Лирическая героиня Валерии чрезвычайно чувствительна и ранима, она тяжело переживает грубость и лживость обыденности.
Ее стихам присущи напряженная экспрессия, конфликтность – и в то же время гармоничная слитность бытия земного и личного. Обычный ход ее поэтической мысли – это установление некой духовной параллели между жизнью души и жизнью окружающего мира. Вся художественная ткань книги являет читателю прежде всего силу человеческого духа, вечно стремящегося куда-то – часто даже вопреки невозможности достичь поставленной цели. Перед нами автор, чья индивидуальность неоспорима, видна невооруженным глазом, а это большая редкость.

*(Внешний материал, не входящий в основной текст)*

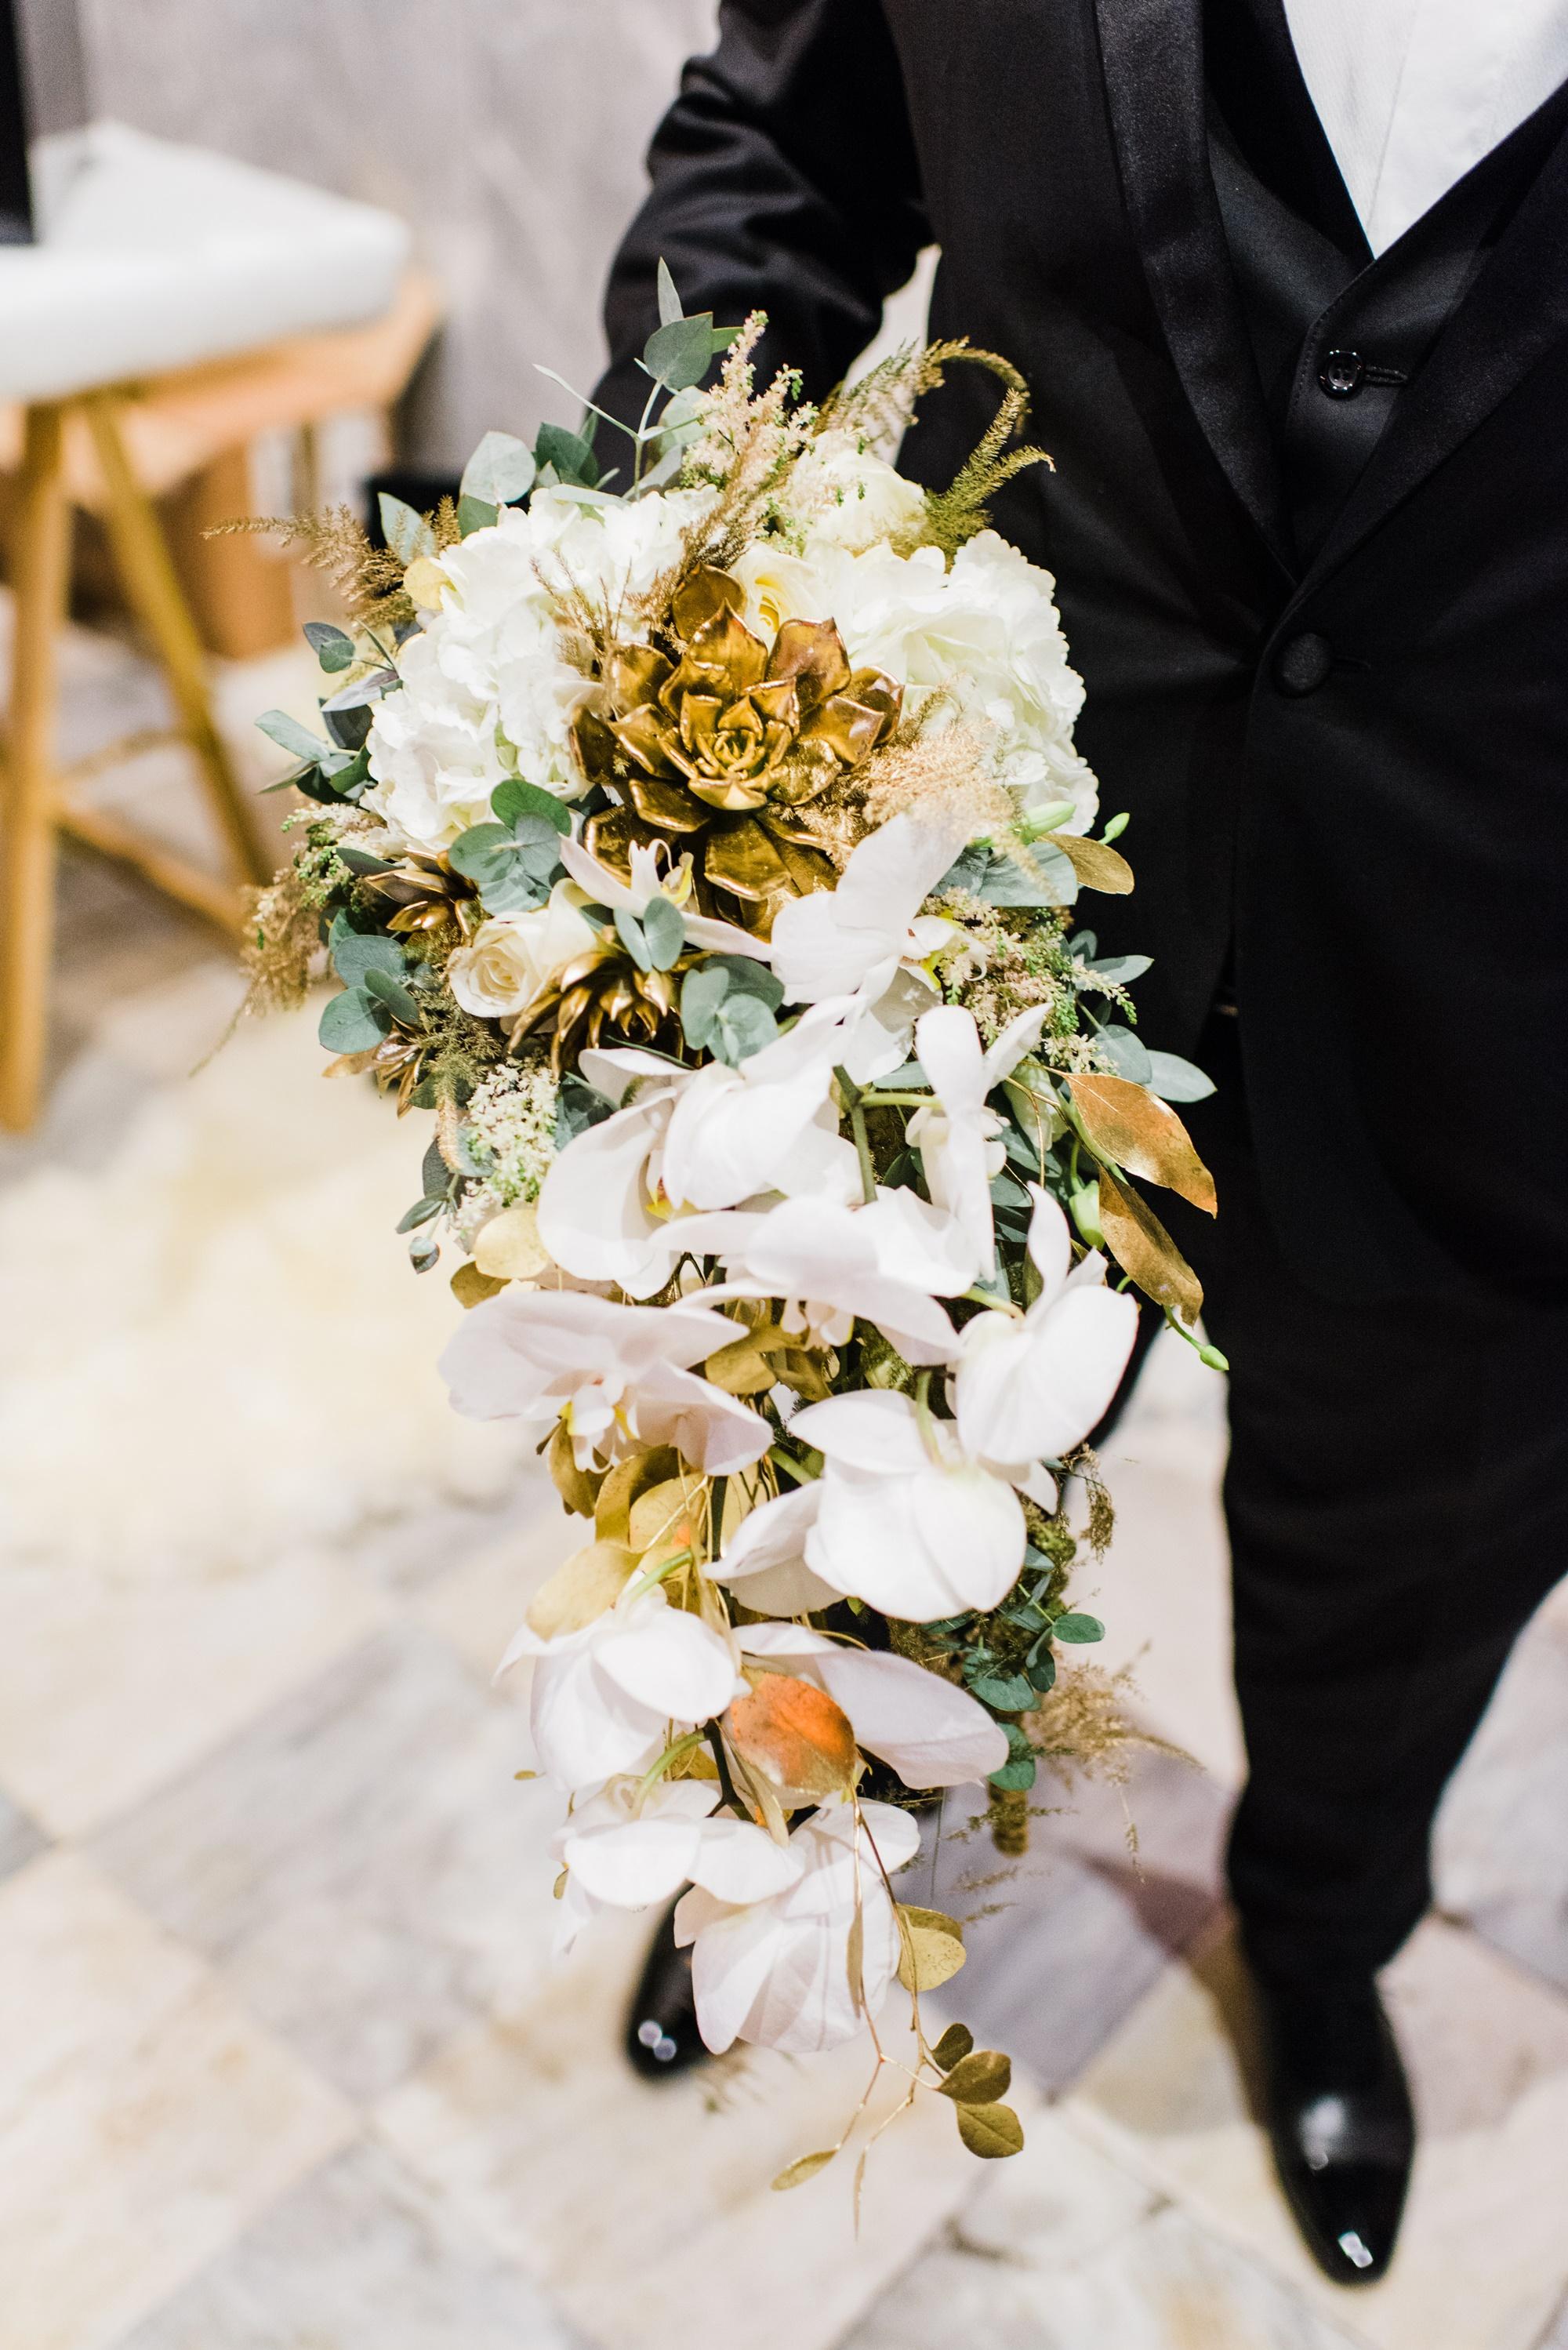 εντυπωσιακή νυφική ανθοδέσμη με λευκά λουλούδια

По ее стихам нельзя скользить, как по гладкому льду катка – они цепляют каждой своей строкой, стопорят, заставляют вчитываться, вглядываться в читаемое – и поражаться глубине увиденного. Стихи-исповеди, стихи-покаяния, стихи-предчувствия и предсказания… Валерия Григорьева в полной мере обладает тем самым, что величают поэтическим мастерством – это образование, начитанность, осведомленность в мировой истории, в целом, и в истории литературы и искусства, в частности, и реалиях их сегодняшнего дня, а еще это – огромная самостоятельная работа по осознанию и упорядочиванию всего массива полученных знаний в соответствии со своими личными предпочтениями. И, безусловно, авторские озарения и свежесть рифм и лексики, и мастерское владение словом, и богатая образность, и употребление своих, персональных неологизмов.
Интересны и необычны ее рассказы и статьи, выходившие под псевдонимами Валентина Неюдашкина, Твентин Карантин, Шэр Ш. Ла-фамова: «200 лет неодиночества», «Мужские страхи», «Искусство играть в куклы», «Не бросайте камни в одиночество», «Рекламный ролик (о) любви», «Тривиальное чтиво», «Гороскоп от Святого Валентина».
Доминирующая черта всех произведений сборника – это высокая духовность, духовный поиск, напряженная работы мысли и чувства, что уже дало безусловное право поэту Валерии Григорьевой занять свое достойное место в нашей российской литературе. Как страшно это произносить – ПОСМЕРТНО…
Я последнюю песню проплачу,
Чтоб не пропеть ее жалко…
Мне б последней не оглянуться.
Расставанию улыбнуться,
Чтобы в крике не замереть…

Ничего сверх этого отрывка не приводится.